Paper Three: Lim EC, Tay MG. Kinesio Taping in Musculoskeletal Pain and Disability that lasts for more than 4 weeks: Is it time to Peel off the Tape and throw it out with the Sweat? A Systematic Review with Meta-analysis focused on Pain and also Methods of Tape Application. Br J Sports Med. 2015 Jan 16. pii: bjsports-2014-094151
Kinesio tape has become a very popular adjunct to treatment and has been seen to be worn by high profile athletes competing at the Olympic Games, and the public alike. There have now been several reviews that have compared Kinesio tape to a range of therapies and condition and have yet to show significant benefit. Another recent study by Pdo et al (J Physiother. 2014 Jun;60(2):90-6. doi: 10.1016/j.jphys.2014.05.003. Epub 2014 Jun 10) also demonstrates that kinesio tape is not better than conventional tape in the management of people complaining of low back pain. The authors also question some of the assumptions about the actions of this type of tape. Perhaps the studies are asking the wrong question and should investigate the psychological rather than physiological benefits of the tape. These psychological benefits should not be underestimated particularly in high performance sport.
Paper Four: Ardern CL, Taylor NF, Feller JA, Whitehead TS, Webster KE. Sports Participation 2 Years After Anterior Cruciate Ligament Reconstruction in Athletes Who Had Not Returned to Sport at 1 Year: A Prospective Follow-up of Physical Function and Psychological Factors in 122 Athletes. Sports Med.2015 Jan 12. pii: 0363546514563282. [Epub ahead of print]

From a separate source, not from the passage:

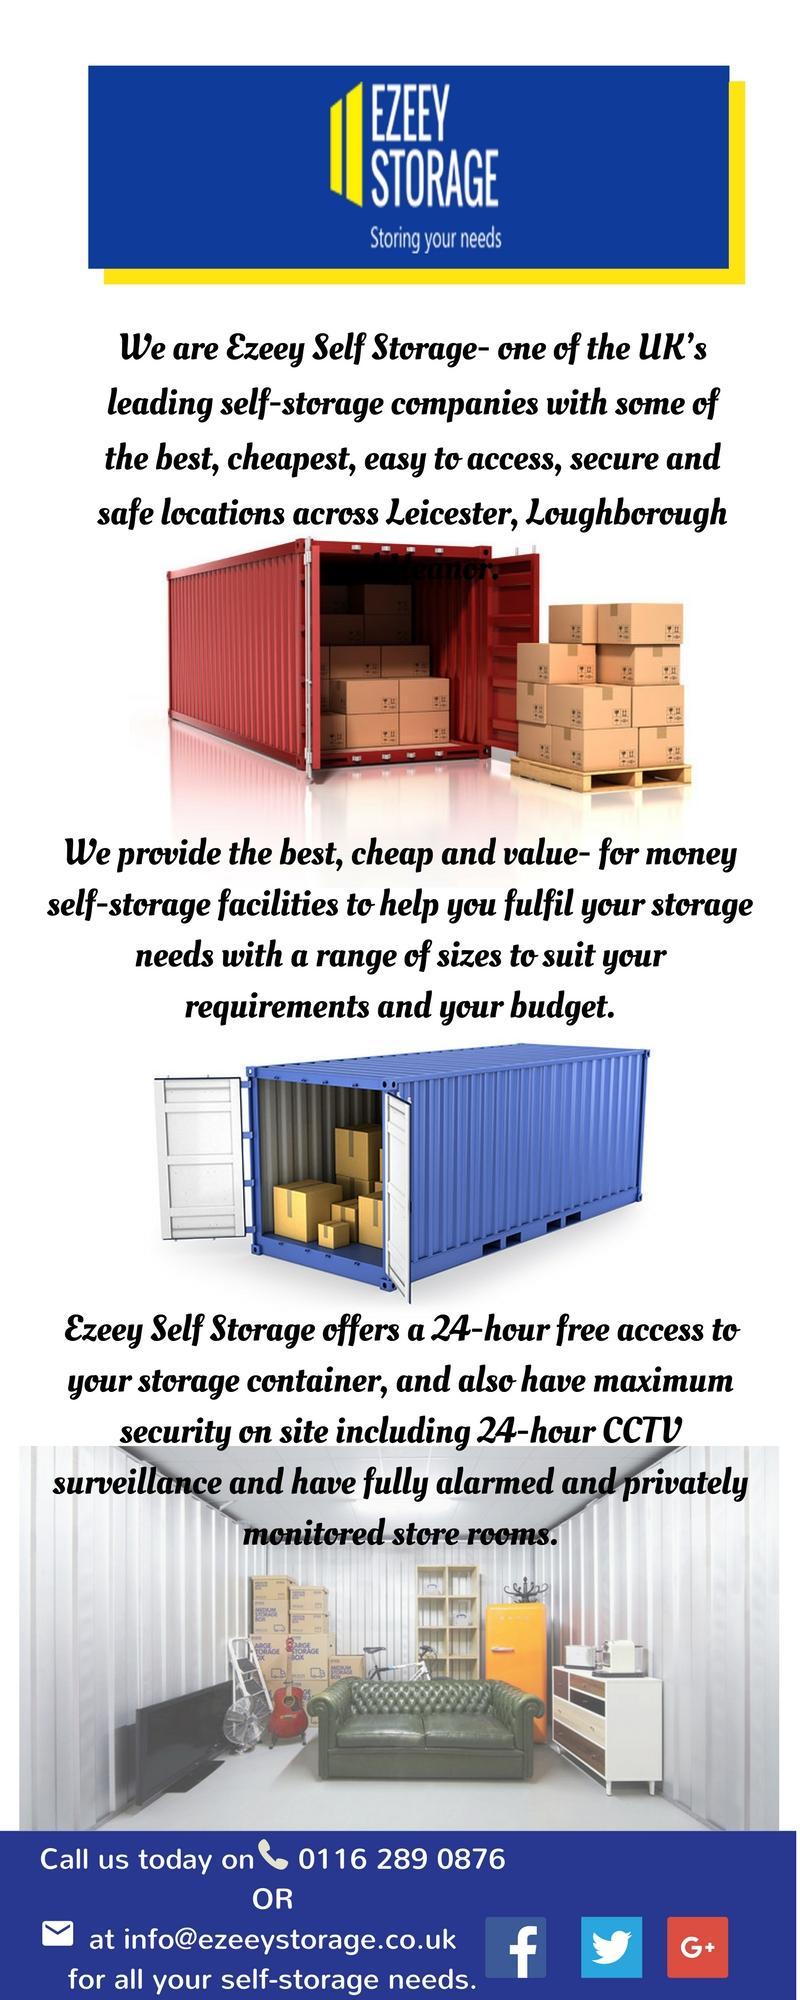 ezeey-storage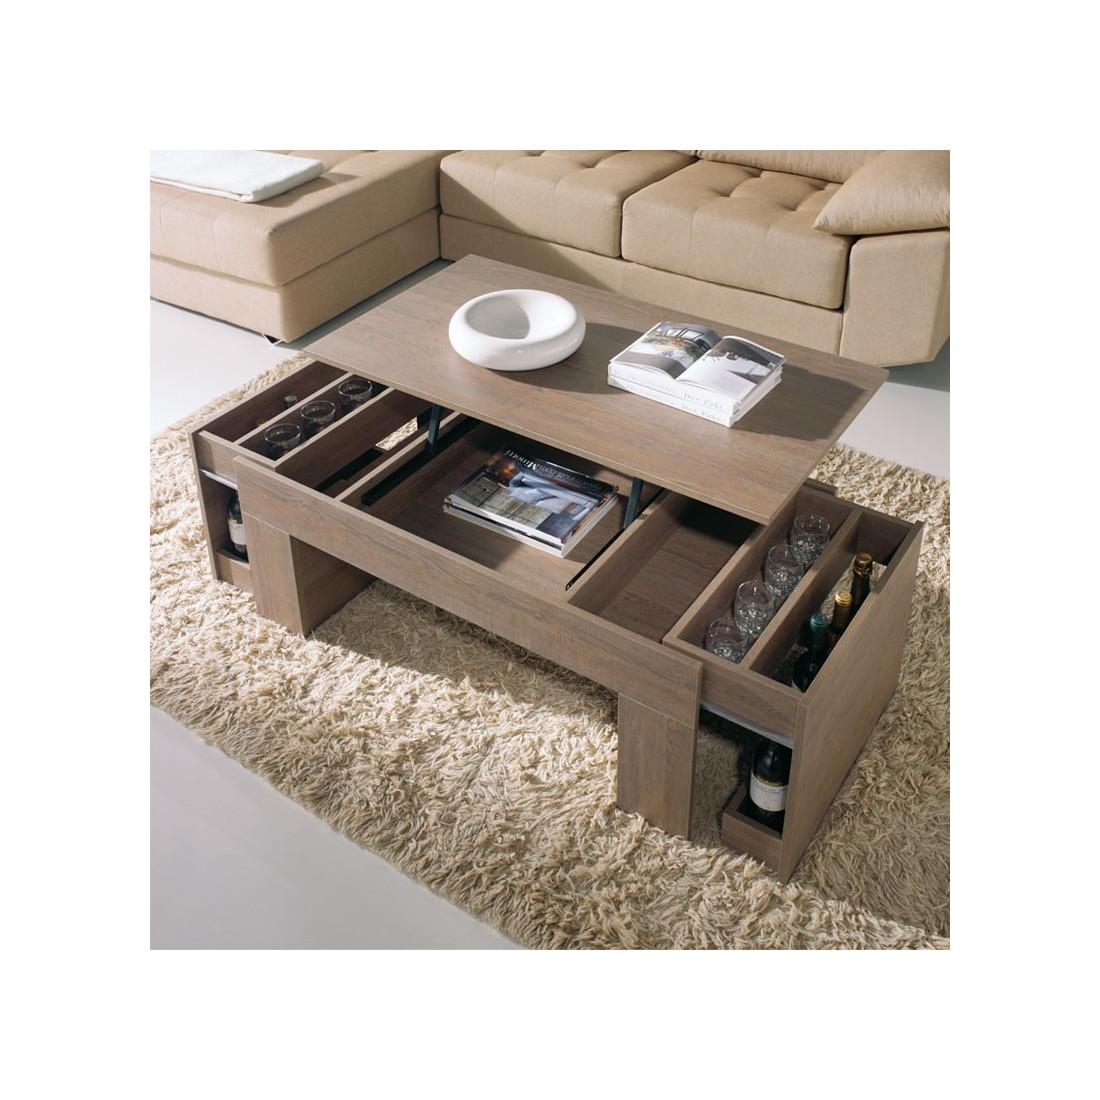 table basse ch ne fonc relevable moly univers salon tousmesmeubles. Black Bedroom Furniture Sets. Home Design Ideas

Anterior Cruciate ligament rupture is a significant knee injury and whilst not as prevalent as other sports injuries such as the ankle, the long term prognosis is often not great. This study indicated that return to sport is much longer than some guidelines for management suggest, with these often stating return to sport in 6- 9 months (ACC The diagnosis and management of soft tissue injuries to the knee: an evidence based guideline 2003. http://www.acc.co.nz/PRD_EXT_CSMP/groups/external_communications/documents/guide/wcmz002488.pdf). This current paper indicates that these time frames are too short for those suffering ACL injury to feel confident returning to sport. This is further supported by the fact that inadequate pre or post-operative rehabilitation will lead to strength deficits that will have a long term detrimental effect on function for the knee (Eitzen,Risberg & Holm doi:10.1136/bjsm.2008.057059 Br. J. Sports Med. published online 17 Mar 2009). As physiotherapist we need to be involved in the rehabilitation of the ACL injured patient for a lot longer than some treatment guidelines suggest.